La prima domenica di maggio si corse la grande gara, la classica: il giro di Stabia e Ligornetto con arrivo sul rettilineo del Gas.

Gli iscritti erano trenta ma sullo striscione di partenza se ne presentarono solo ventiquattro.
Questa volta correva anche Caio ed era uno dei favoriti. Indossava una maglia nuova, rossa fiammante, con la scritta " Velo Club Bianchi " sulla schiena.
La partenza fu data alle tre in punto. Tutti avevano preparato un piano di battaglia ma Caio correva così per correre, col sorriso sulle labbra.
Benché il sole faticasse a farsi vedere fra le nubi la giornata era calda e afosa. Sulla salita di Novazzano Caio era già in testa seguito a ruota da Pippo il longilineo e da quel tracagnotto di Marcello. Gli altri seguivano sparsi in fila indiana aspettando il momento più propizio per operare lo scatto decisivo.
Caio era irresistibile. Raggomitolato sulla sua rossa bici era ormai solo e procedeva impassibile a testa bassa. Avevano superato Novazzano e si stavano dirigendo verso Genestrerio. Pippo e Marcello si davano il cambio a tirare e, degli altri, solo Mario era riuscito a staccarsi dal gruppo.
A Geneslrerio erano di nuovo tutti insieme. Caio, sentendosi solo e non impegnato, aveva rallentato il ritmo e si era lasciato riassorbire. Ora procedevano tranquilli verso Stabia. Qualche auto li sorpassava strombazzando. Il sole decise finalmente di farsi vedere disperdendo le nubi intorno a sé. Carletto, il giudice di gara, pedalava con un certo affanno sulla sua nuova bicicletta gialla da corsa.

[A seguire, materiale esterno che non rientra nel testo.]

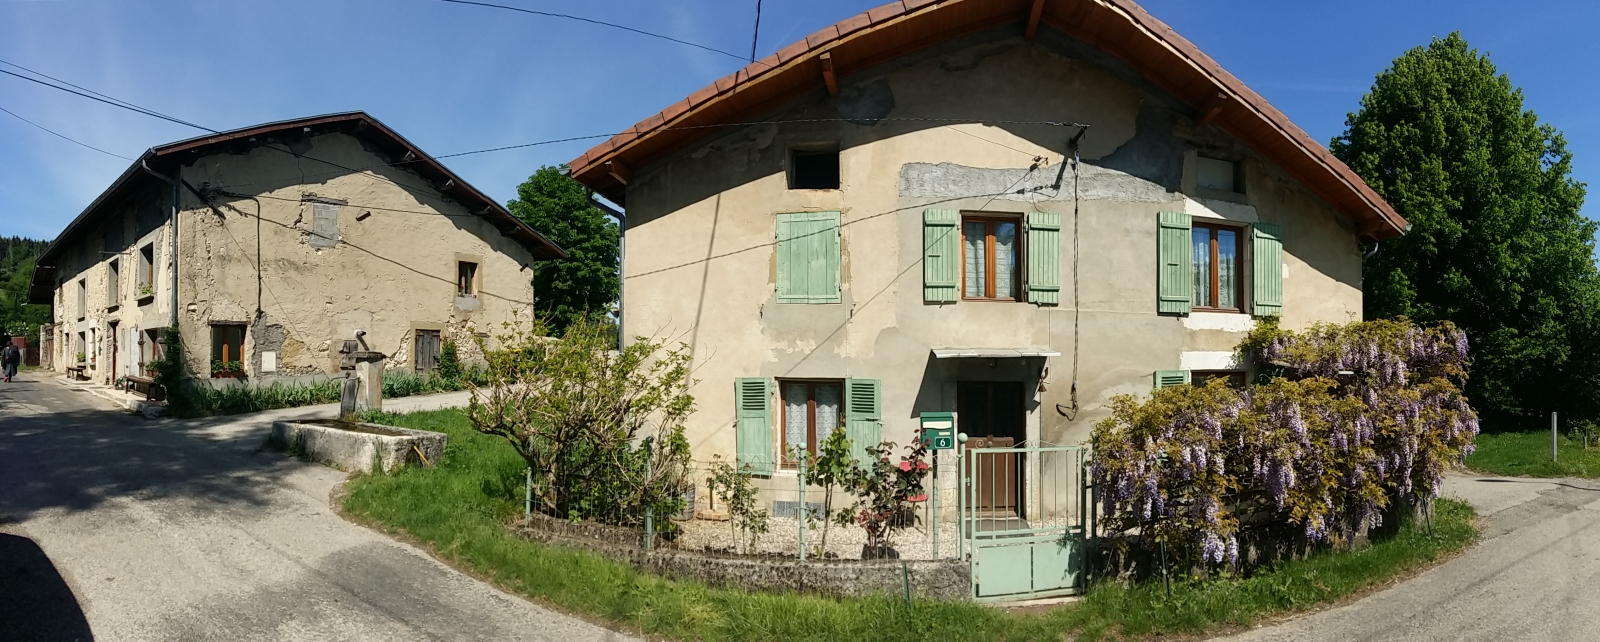 Village Grand Ratz 1600

Dopo Stabia Peo operò un allungo rabbioso passando al comando con ben duecento metri di vantaggio ma Caio si lanciò subito all'inseguimento e la corsa si riaccese.
A Ligornetto, dove entrarono a gran velocità, Caio era di nuovo in testa e Peo, avendo dato tutto in quell'allungo cercava disperato e ansante di stargli a ruota ma lo si vedeva sudare come una fontanella ormai spompato e in difficoltà.
Sembravano un'unica cosa la bici e Caio curvo su di essa con le braccia larghe sul manubrio. Ormai solo correva fluido e sorridente verso il traguardo con la vittoria in tasca.

Ma sulla curva per Coldrerio perse l'equilibrio e sbandò tutto a sinistra. Il camion proveniente da quella parte tentò una disperata e cigolante frenata.
Al funerale di Caio c'erano tutti i ragazzini del paese e nessuno avrebbe mai pensato che potessero essere così tanti.